Checkpoint 7

There is a template RMarkdown file called README.Rmd to start from in the initial Github Repo from Github Classroom.

For this checkpoint, I want you to work together with a partner.

Github Setup

To create a shared repository (for you, your partner, and me), go to https://classroom.github.com/a/2bksWUcq. Join your spatial team.

Data Context and Research Question

For the spatial mini project, you will work with data about Ramsey County, the larger geo-political district where Macalester College is located. In particular, I’ve gathered aggregate summaries of the people who live in Ramsey county, summarized for each census tract based on data from 2015-2019 American Community Service run by the U.S. Census Bureau. A census tract is a statistical subdivision of a county that aims to have roughly 4,000 inhabitants and they are intended to be fairly homogeneous with respect to demographic and economic conditions. I used the tidycensus package to gather this data and I’ve provided example code in the Github Repo for how I collected the data.

Make sure to look at a Google Map of Ramsey County, so you can familiarize yourself with the geography, https://goo.gl/maps/m9pXVtjisoZHTmFL7.

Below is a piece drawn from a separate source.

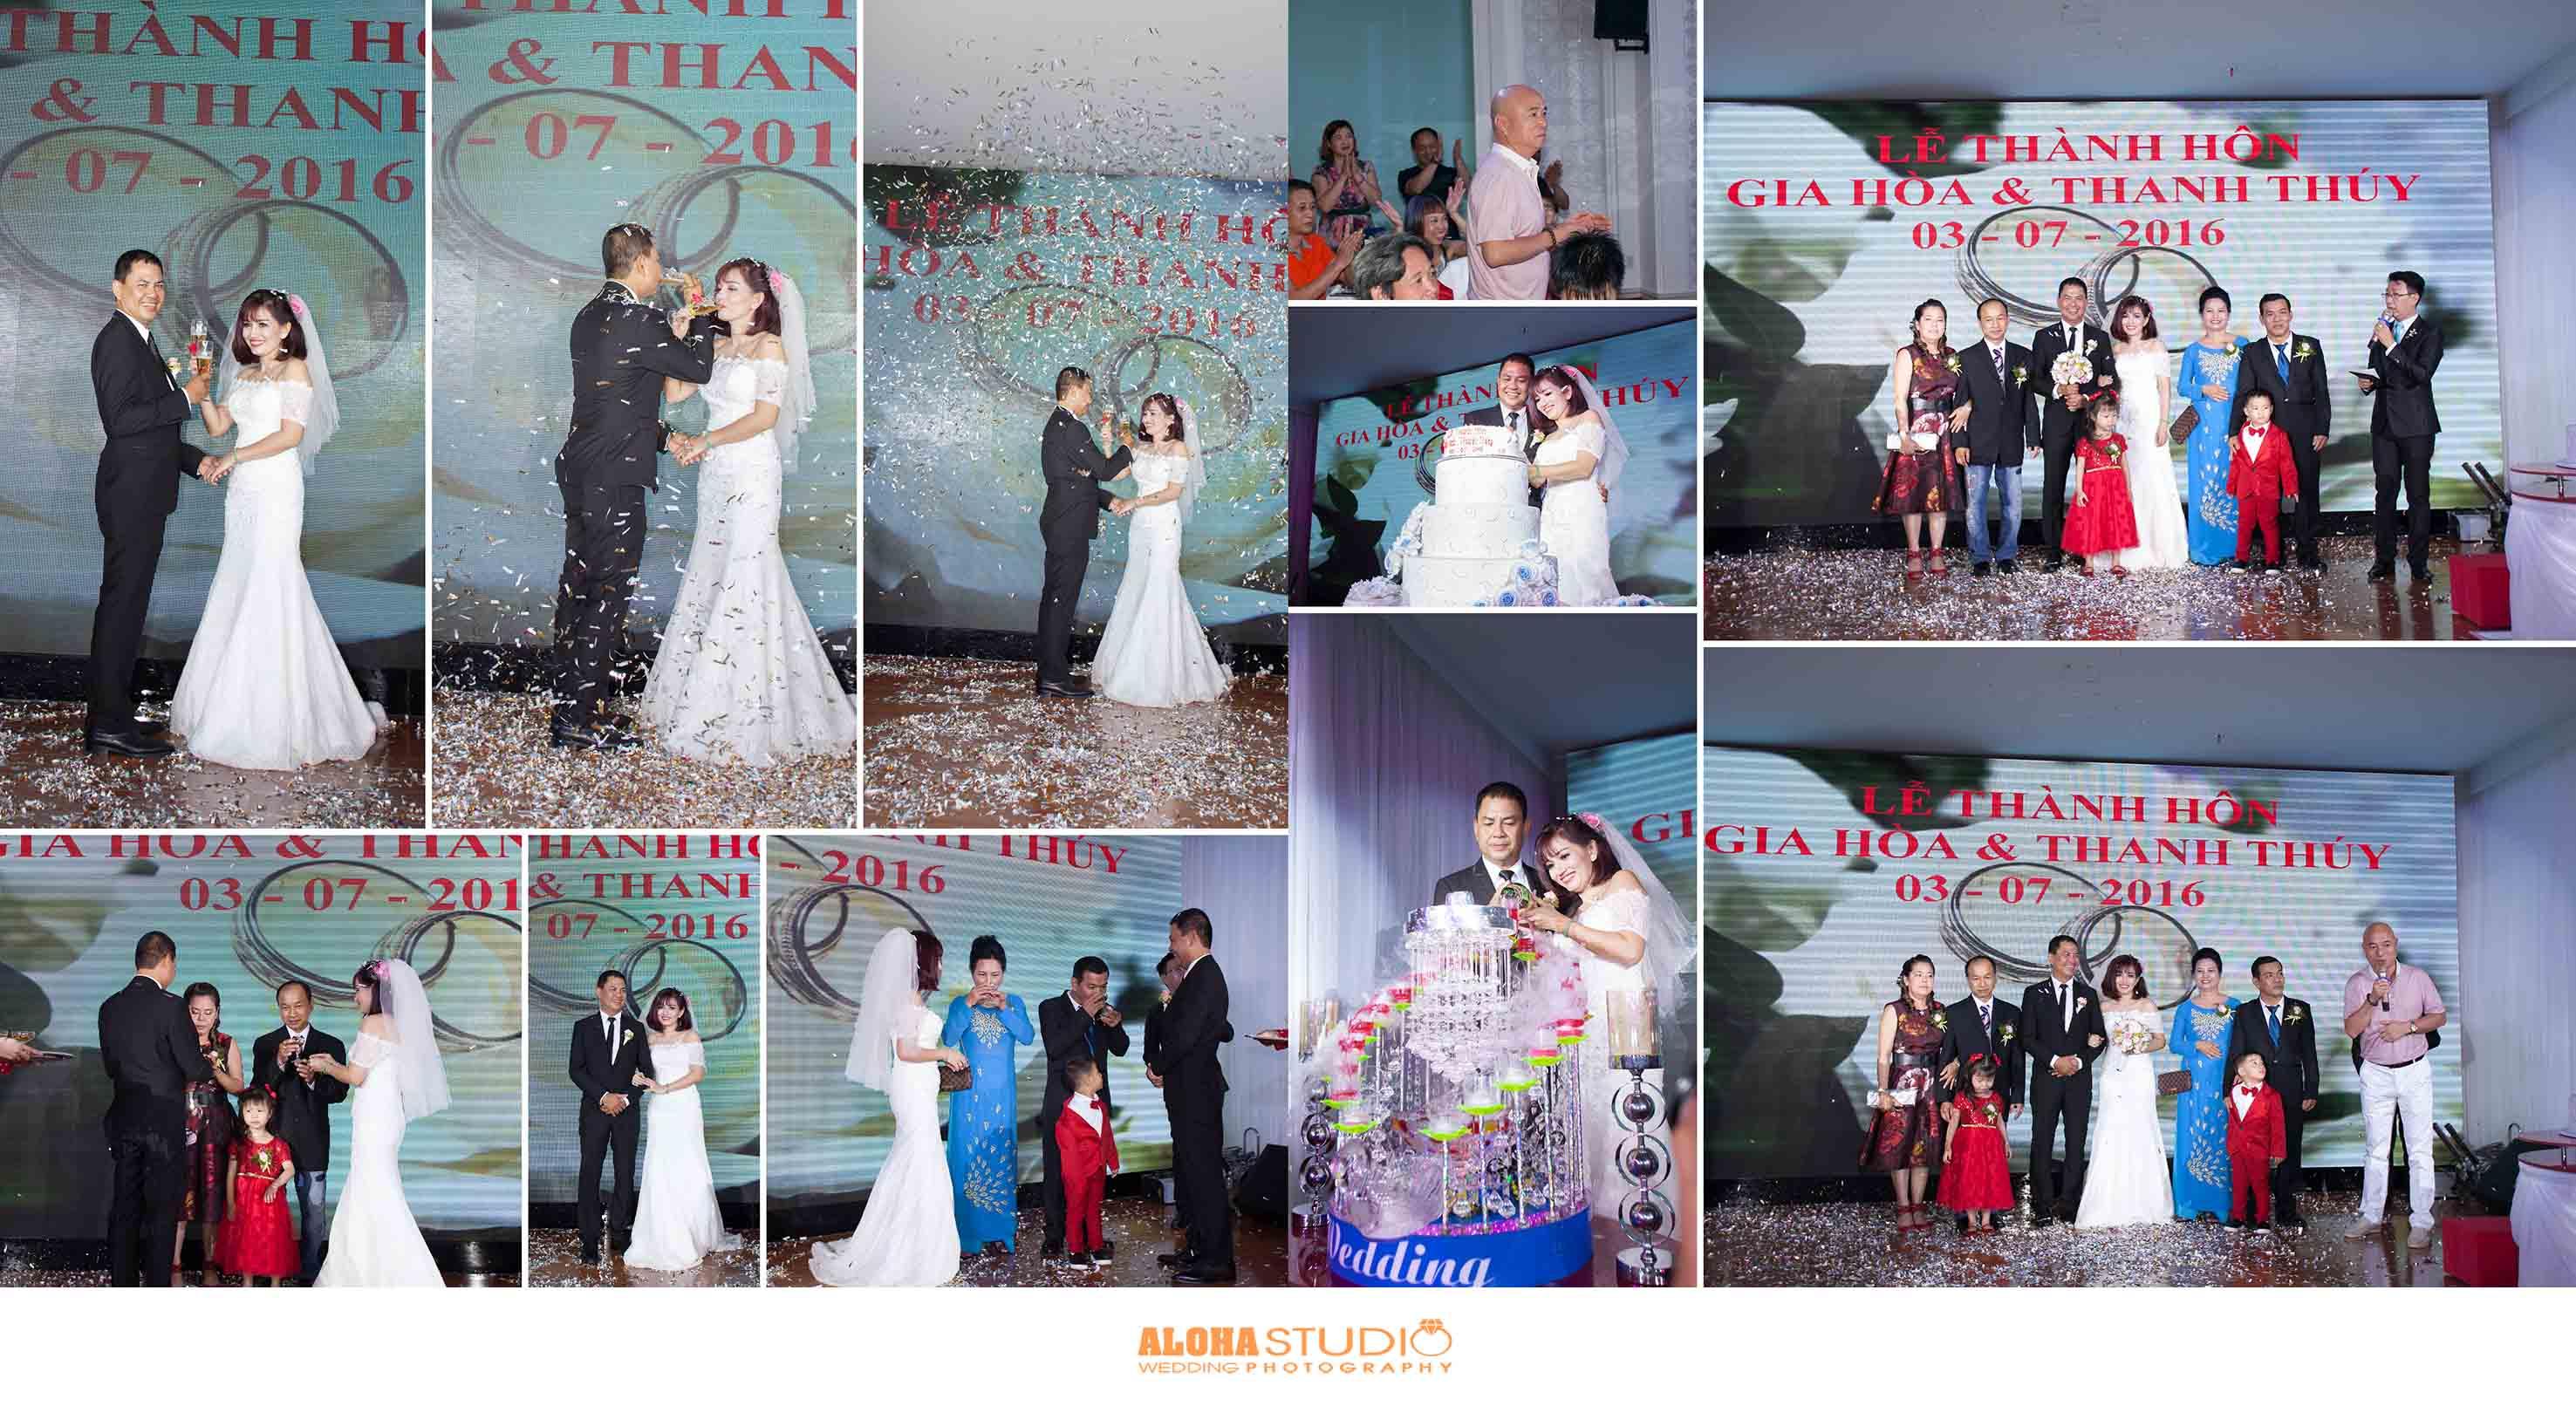 Chụp hình đám hỏi - đám cưới

In particular, I want you to focus on home values for this project.

Refine Research Question

Update or refined your research question from checkpoint-6. If you’d like to get other characteristics from tidycensus, you may. See code in SpatialCleaning.R file (you’ll need to get your own census API key).

ANSWER:

load('SpatialData.RData')
head(ramsey_data)
# View(CodeBook) to see original descriptions from tidycensus

Visualizations

Create two visualizations that address your research question and motivate your model. Write a brief 3-5 sentence summary of what you learn.

ANSWER:

Neighborhood Structure

Create a neighborhood structure of the census tract boundaries. Justify your choice of neighborhood structure. Write a few sentences about those pros and cons.

ANSWER:

OLS Model

Fit a linear model with lm() to address the research question above and map the residuals by coloring the spatial polygons by the residuals. Comment on what you learn.

ANSWER:

lm_mod <- lm(?? ~ ??, data = ramsey_data)

BIC(lm_mod)

ramsey_data$lm_resid <- resid(lm_mod)

ramsey_data %>% ggplot() +
  geom_sf(aes(fill = lm_resid)) +
  scale_fill_gradient2(mid = "white", high = "red", low = "blue") + theme_classic()

Spatial Correlation

Let’s calculate and visualize the spatial correlation of the residuals using Moran’s I. Comment on the strength of spatial correlation based on Moran’s I and whether it is discernibly different from 0 (independence).

ANSWER:

Wb <- nb2listw(??, style = "B") #style = 'B' gives binary weights
spdep::moran.test(ramsey_data$lm_resid, Wb, alternative = "two.sided", randomisation = TRUE)  # Using randomization test

Spatial Models

Fit a Simultaneous Autoregressive (SAR) Model. Comment on what you learn.

ANSWER:

library(spatialreg) #install.packages('spatialreg')
# Convert Neighborhood Information to List (with weighting so that rows sum to
# 1)
Ww <- nb2listw(?? , style = "W")

# Fit SAR Model
mod_sar <- spautolm(formula = ?? ~ ???, data = ramsey_data, listw = Ww, family = "SAR")

BIC(mod_sar)

Map and test the residuals of the SAR model to see if the resulting residuals are independent or spatially correlated. Comment on what you learn.

ANSWER:

ramsey_data$sar_resid <- resid(mod_sar)

ramsey_data %>% ggplot() +
  geom_sf(aes(fill = sar_resid)) +
  scale_fill_gradient2(mid = "white", high = "red", low = "blue") + theme_classic()

spdep::moran.test(ramsey_data$sar_resid, Wb, alternative = "two.sided", randomisation = TRUE)  # Using randomization test

Fit a Conditional Autoregressive (CAR) Model. Comment on what you learn.

ANSWER:

# Fit CAR Model
mod_car <- spautolm(formula = ?? ~ ???, data = ramsey_data, listw = Ww, family = "CAR")

BIC(mod_car)

Map and test the residuals of the CAR model to see if the resulting residuals are independent or spatially correlated. Comment on what you learn.

ANSWER:

ramsey_data$car_resid <- resid(mod_car)

ramsey_data %>% ggplot() +
  geom_sf(aes(fill = car_resid)) +
  scale_fill_gradient2(mid = "white", high = "red", low = "blue") + theme_classic()

spdep::moran.test(ramsey_data$car_resid, Wb, alternative = "two.sided", randomisation = TRUE)  # Using randomization test

Choose the model that best fits the data in terms of BIC and leaves residuals with the least amount of spatial autocorrelation.

ANSWER: